In [None]:
!pip install imbalanced-learn

In [1]:
#Importing Libraries
import pandas as pd
import numpy as np
from imblearn.over_sampling import SMOTE
from sklearn.preprocessing import StandardScaler
from sklearn.model_selection import train_test_split
from sklearn.preprocessing import StandardScaler
from sklearn.svm import SVC
from sklearn.metrics import classification_report, roc_auc_score, confusion_matrix, roc_curve, accuracy_score
import matplotlib.pyplot as plt
import seaborn as sns

#Loading the Dataset
data = pd.read_csv('Data/Clean_Dataset.csv')
print(data)


#Data Distribution
# Count of each class in the target variable
print(data['Suppression Status'].value_counts())

# Plot class distribution
sns.countplot(x='Suppression Status', data=data)
plt.title('Class Distribution')
plt.xlabel('Suppression Status')
plt.ylabel('Count')
plt.show()

# Relationship between weight and suppression status
pd.crosstab(data['Age'], data['Suppression Status']).plot(kind='bar', figsize=(10, 6))
plt.title('Age vs Suppression Status')
plt.xlabel('Age')
plt.ylabel('Count')
plt.show()

# Relationship between weight and suppression status
pd.crosstab(data['Years on ART'], data['Suppression Status']).plot(kind='bar', figsize=(10, 6))
plt.title('Years on ART vs Suppression Status')
plt.xlabel('Years on ART')
plt.ylabel('Count')
plt.show()

# Choosing Age and Years on ART as the features
X = data[['Age', 'Years on ART']]
y = data['Suppression Status']

# Split data into training and testing sets
X_train, X_test, y_train, y_test = train_test_split(X, y, test_size=0.2, random_state=42)

# Normalize the features
scaler = StandardScaler()
X_train = scaler.fit_transform(X_train)
X_test = scaler.transform(X_test)


smote = SMOTE(random_state=42)
X_train, y_train = smote.fit_resample(X_train, y_train)

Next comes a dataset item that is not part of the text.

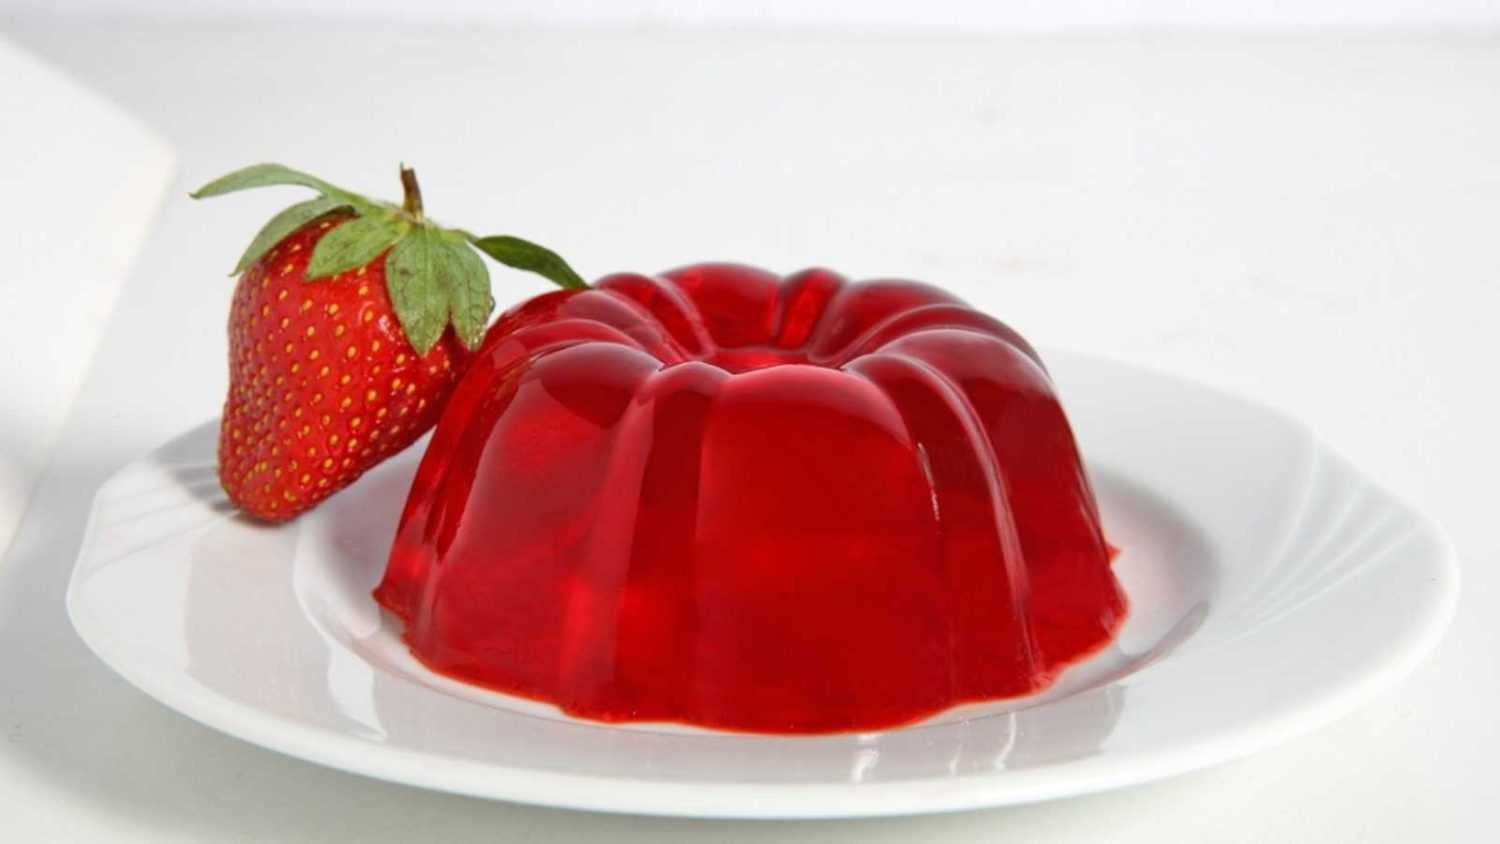 Jelly containing artificial food additives

# Train the SVM classifier with an sigmoid kernel
svm_model = SVC(kernel='linear', probability=True, class_weight='balanced', random_state=42)
svm_model.fit(X_train, y_train)

# Create a meshgrid to plot decision boundary
h = .02  # Step size in the mesh
x_min, x_max = X_train[:, 0].min() - 1, X_train[:, 0].max() + 1
y_min, y_max = X_train[:, 1].min() - 1, X_train[:, 1].max() + 1

xx, yy = np.meshgrid(np.arange(x_min, x_max, h),
                     np.arange(y_min, y_max, h))

# Predict on the meshgrid
Z = svm_model.predict(np.c_[xx.ravel(), yy.ravel()])
Z = Z.reshape(xx.shape)

# Plot the decision boundary
plt.contourf(xx, yy, Z, alpha=0.8)

# Plot the training points
plt.scatter(X_train[:, 0], X_train[:, 1], c=y_train, edgecolors='k', marker='o', s=100, cmap=plt.cm.Paired)

# Plot the test points
plt.scatter(X_test[:, 0], X_test[:, 1], c=y_test, edgecolors='k', marker='x', s=100, cmap=plt.cm.Paired)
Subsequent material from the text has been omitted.